Governor Jerry Brown, in his State of the State address on January 24, can credit California with overtaking Brazil, Russia and Italy as the world’s seventh-largest economy. He might try to claim credit for rising employment, home values and personal and corporate income. But California’s growth has been due partly to the importation of impoverished foreign immigrants, driving the state’s highest annual population growth rate in nearly a decade, according to the state’s finance department.
“It’s the diversity of the California business environment, from movies to the Internet to agriculture–the incredible array of businesses that make up the state,” Brown told Bloomberg News from an office in Oakland, where he was mayor for eight years in the 1990s. “Certainly getting our finances in line as a state is also helpful: the new investments in our schools; solid universities; investments in water and energy. All this gives security and keeps California very much in the forefront of investment, change, cultural adaptation and leadership.”

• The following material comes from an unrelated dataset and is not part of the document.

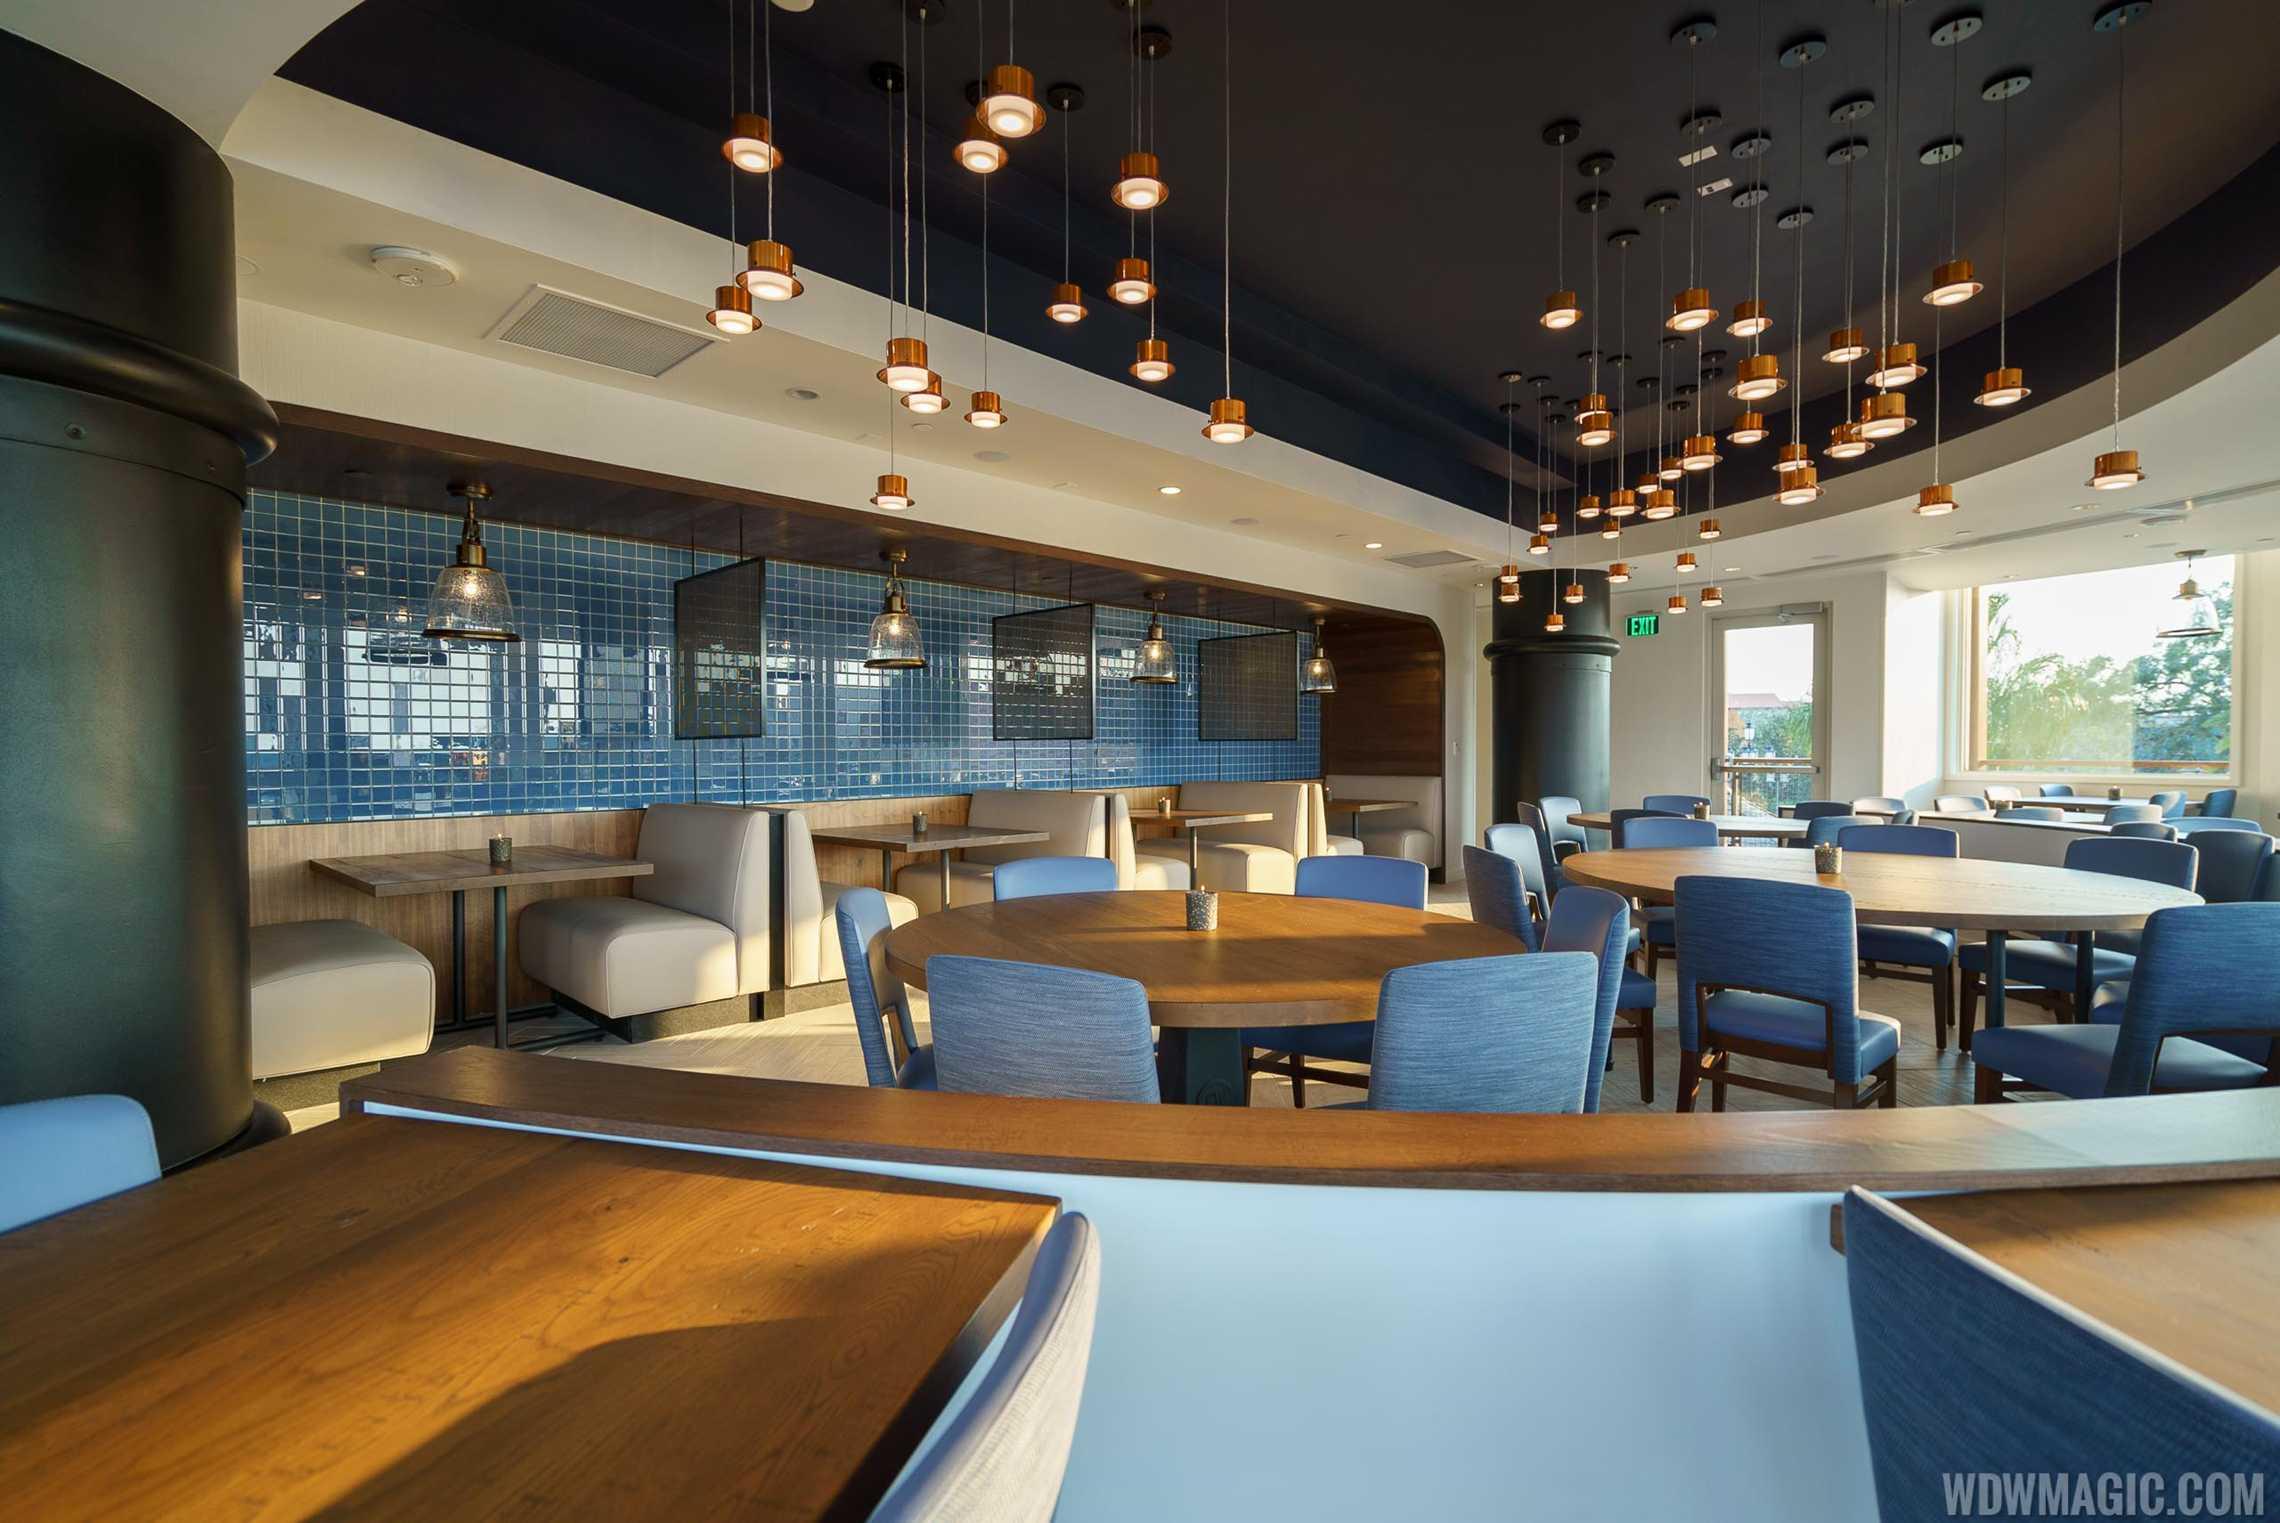 Paddlefish - Mid-deck bow dining room

But what Brown’s program for diversity created in 2013 was 102,972 California residents leaving for other states, and only 66,294 individuals from other states moving to California. The reason that the Golden State achieved a net population gain was 169,266 mostly illegal/undocumented immigrants that moved into California.
Brown’s rising diversity allowed the City of Los Angeles to achieve the crown as America’s Poorest Big City, according to an analysis by the American Community Survey-based Census Bureau data. Of the 25 major metropolitan areas in 2013, Los Angeles-Long Beach-Anaheim took the booby prize for having the highest poverty rate at 17.6%. California’s overall rate of poverty was also the top contender at 16.8%.
Given that the next closet big city poverty rate was New York-Newark-Jersey City at 14.6%, Governor Brown’s seems destined to be able to retain the title as poverty queen for his next four years of his Administration.
Brown crowed in his January 5 inaugural speech that California is home to more companies on the S&P 500 than any other state. It is true that the state has produced high wage jobs for the executives and highly skilled technology workers.
Brown can legitimately claim that his so-called job creation spike has allowed California to streak past Mississippi to now tie for the second worst unemployment rate in the United States with Georgia at a 7.2% rate.
Brown rebuffs criticisms that his tax and regulatory structure make California a hostile place to do business. He recently told Bloomberg an anecdote about a Silicon Valley investor he met at a cocktail party, who started and sold three technology-related businesses, that told him he’s in California because the state has “more smart people with money and more people who know how to spend that money by way of tech companies and ventures that are constantly sprouting up.”
But Brown’s entrepreneur story probably will not mean much in the future to the average California middle class family. Almost all Silicon Valley start-ups quickly outsource manufacturing and distribution jobs to other states or overseas to avoid California’s tax and regulatory structure, which Brown seems so proud to have achieved.
Brown’s latest spending proposal did set an all-American record at $165 billion. Powered by what Brown calls his “temporary sales and income tax increases” that he championed in 2012, his latest budget claims a $5 billion surplus.
But that surplus only exists until California starts to eat its portion of Obamacare’s Medi-Cal enrollment expansion. Although the Brown Administration predicted Medi-Cal enrollment would only grow from 8 million in 2013 to 9.5 million in 2019, the program has already jumped to 12 million and now covers one third of all Californians.
Governor Brown’s “diversity” has imported many foreigners that are so poor they qualify for Medi-Cal. At least the Brown Administration is #1 at something.